‘Why leaving Unilever was the best thing I did’
Former PhD chemist turned chief marketing officer at energy giant Centrica Margaret Jobling says leaving Unilever was the best thing she did – because it made her realise how much she had learned (Marketing Week).
Key points:
- 12 years at Unilever as research scientist before asking to join marketing department
- Current McDonald’s global CMO Silvia Dias Lagnado, then at Unilever, agreed to switch
- After three years Jobling joined Sarah Lee, before stints at Cadbury, Birds Eye and British Gas (owned by Centrica). Now CMO at Centrica, the UK’s largest energy company
- “It’s very easy to sit in the comfort zone and do what you’ve always done, but there’s a point where you have to ask yourself whether you’ve stopped learning. It’s important to retain perspective because it’s amazing how quickly you can become part of the culture rather than the solution,” – Centrica CMO, Margaret Jobling
Fresh perspectives can shift brands – and Jobling has her work cut out at Centrica, whose share price has fallen 72 per cent over the last five years. But she doesn’t seem phased by a challenge – having worked in frozen food, where by the time people have got to the freezers at the back of the store, “they have lost the will to live”, she says. Jobling’s comments around creative people’s assumptions that technical people are not creative are also insightful – and in today’s increasingly tech-driven landscape, creatively minded techies arguably have the edge as marketers.
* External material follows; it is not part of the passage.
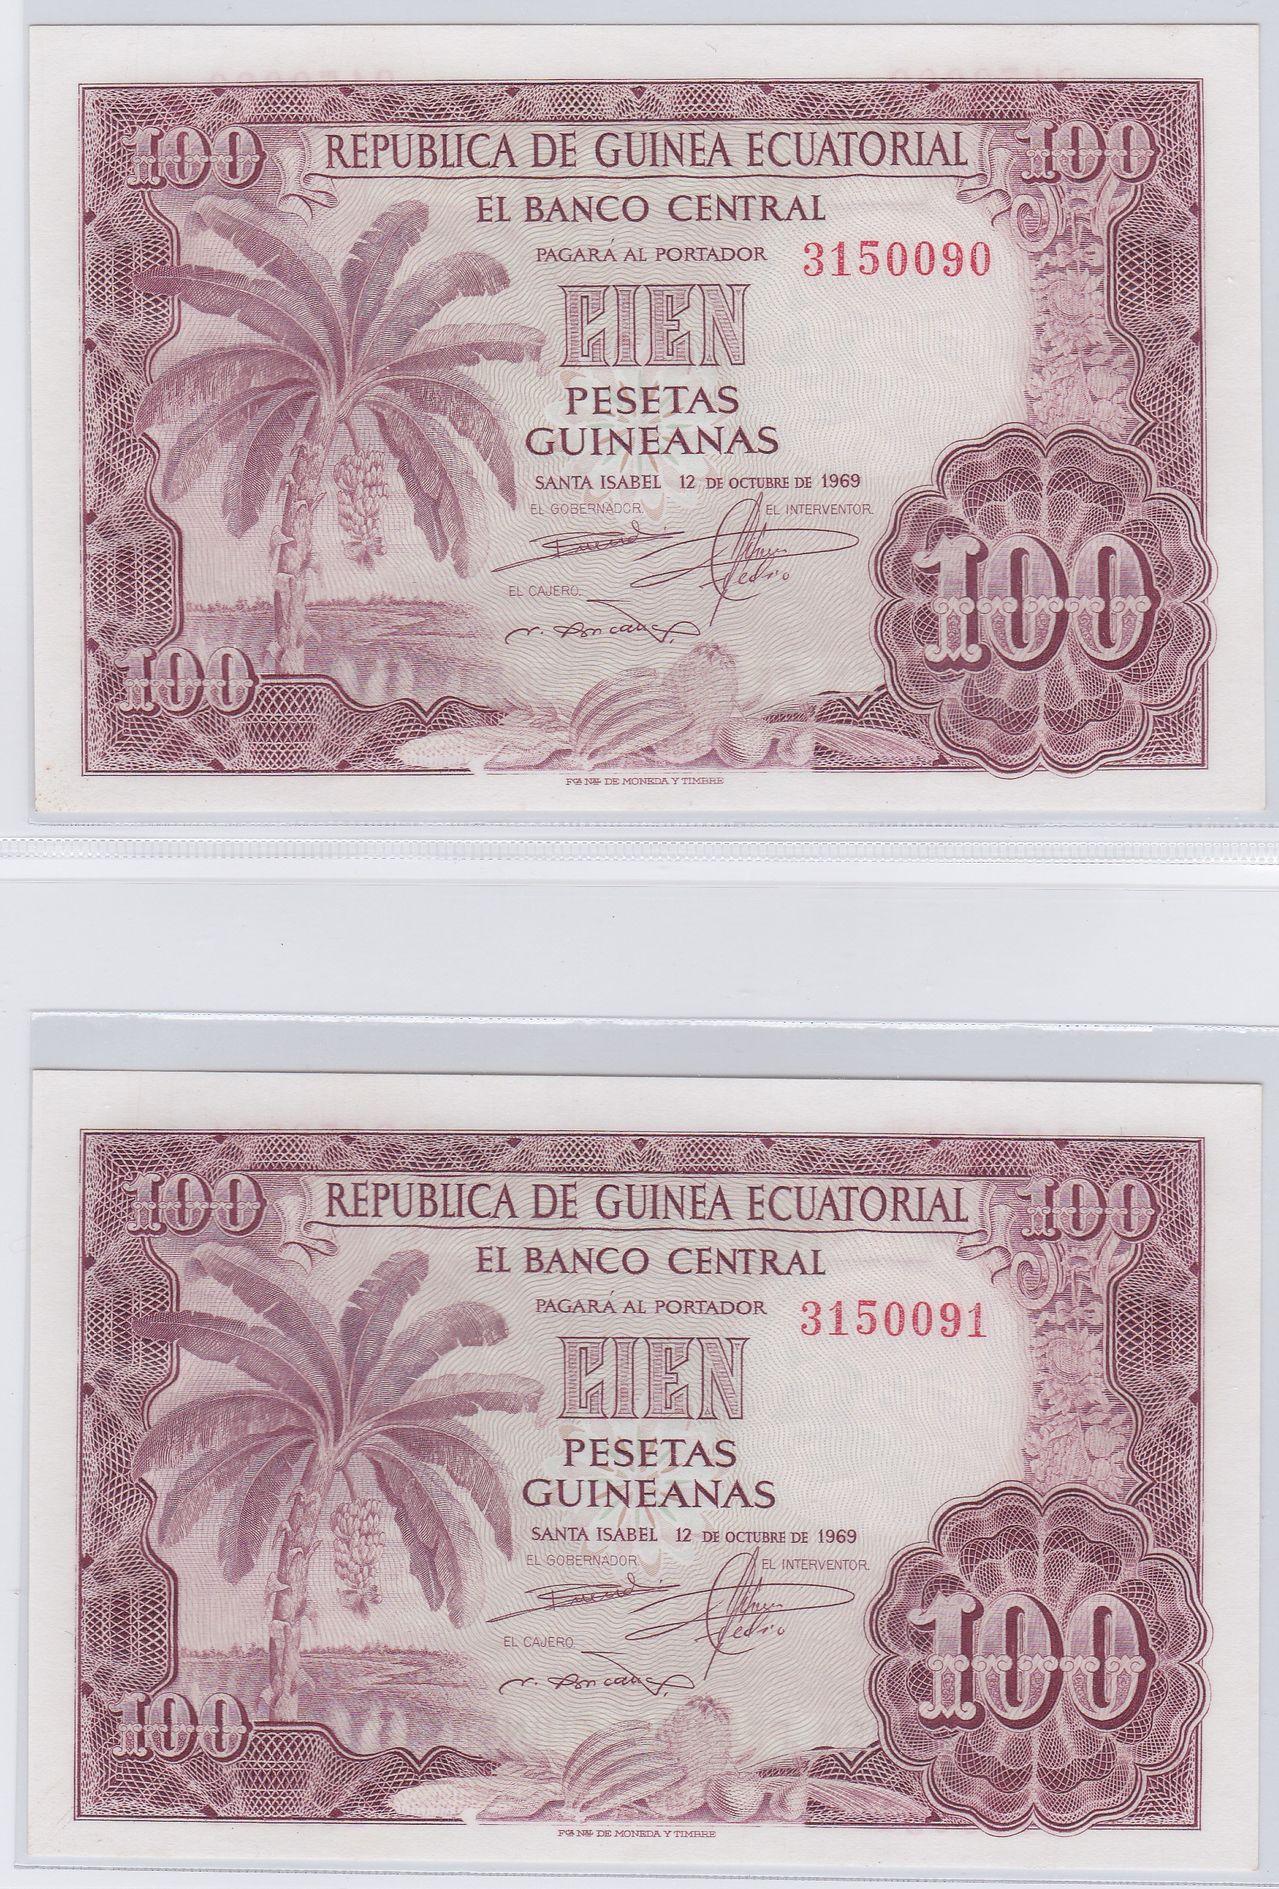 100 Pesetas Guinea Ecuatorial, 1969 (Pareja) 1969_100_pesetas_guineanas_A
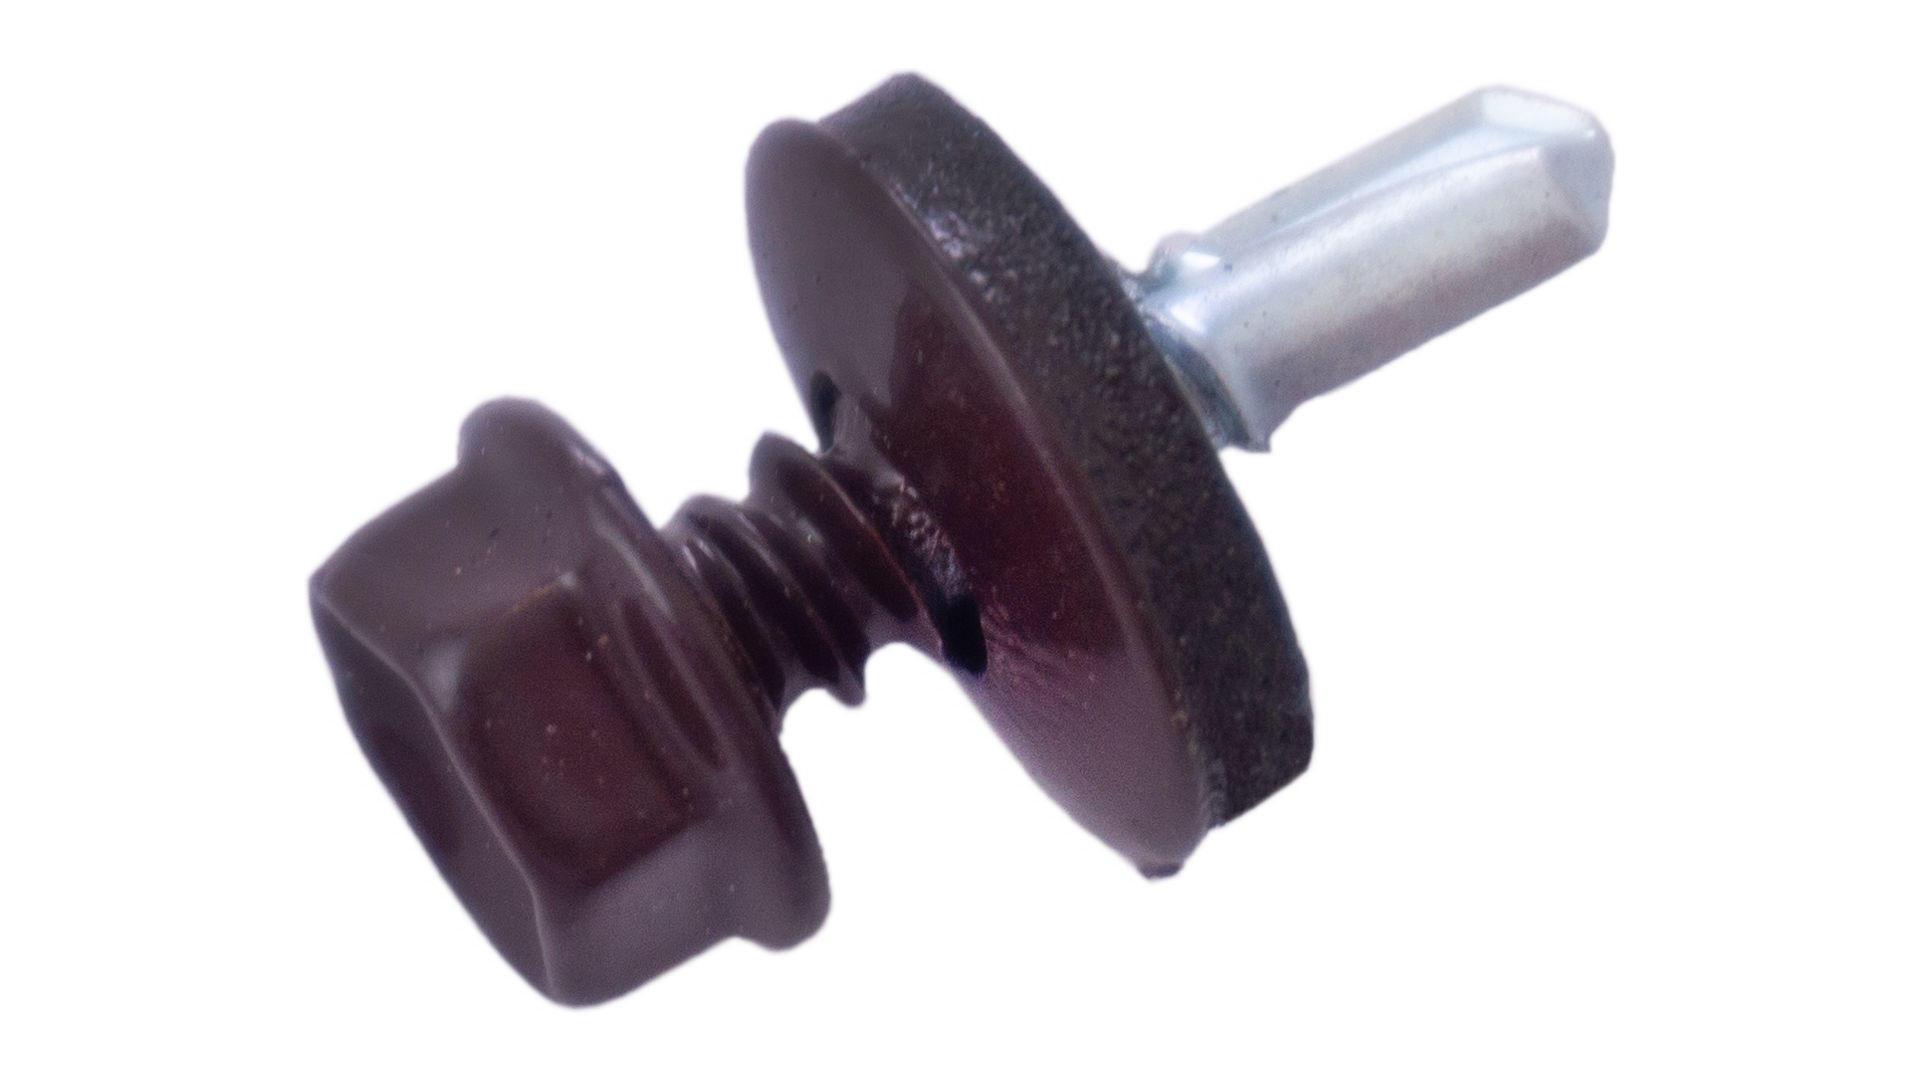 Саморез кровельный Apro - 4,8 x 19 мм RAL 8017 (50 шт.) 4

Jobling’s CV also makes a good case for moving around as a marketer to reach the top, taking in new categories along the way, rather than being stuck in a "holding pattern" at a consumer goods giant, with every other marketer vying for the next promotion. “It’s only when you step out and push yourself into another environment you realise you know a lot,” she tells Marketing Week. “Life is about choices, accept it, change it or move on because it’s never going to be any more complicated than that.”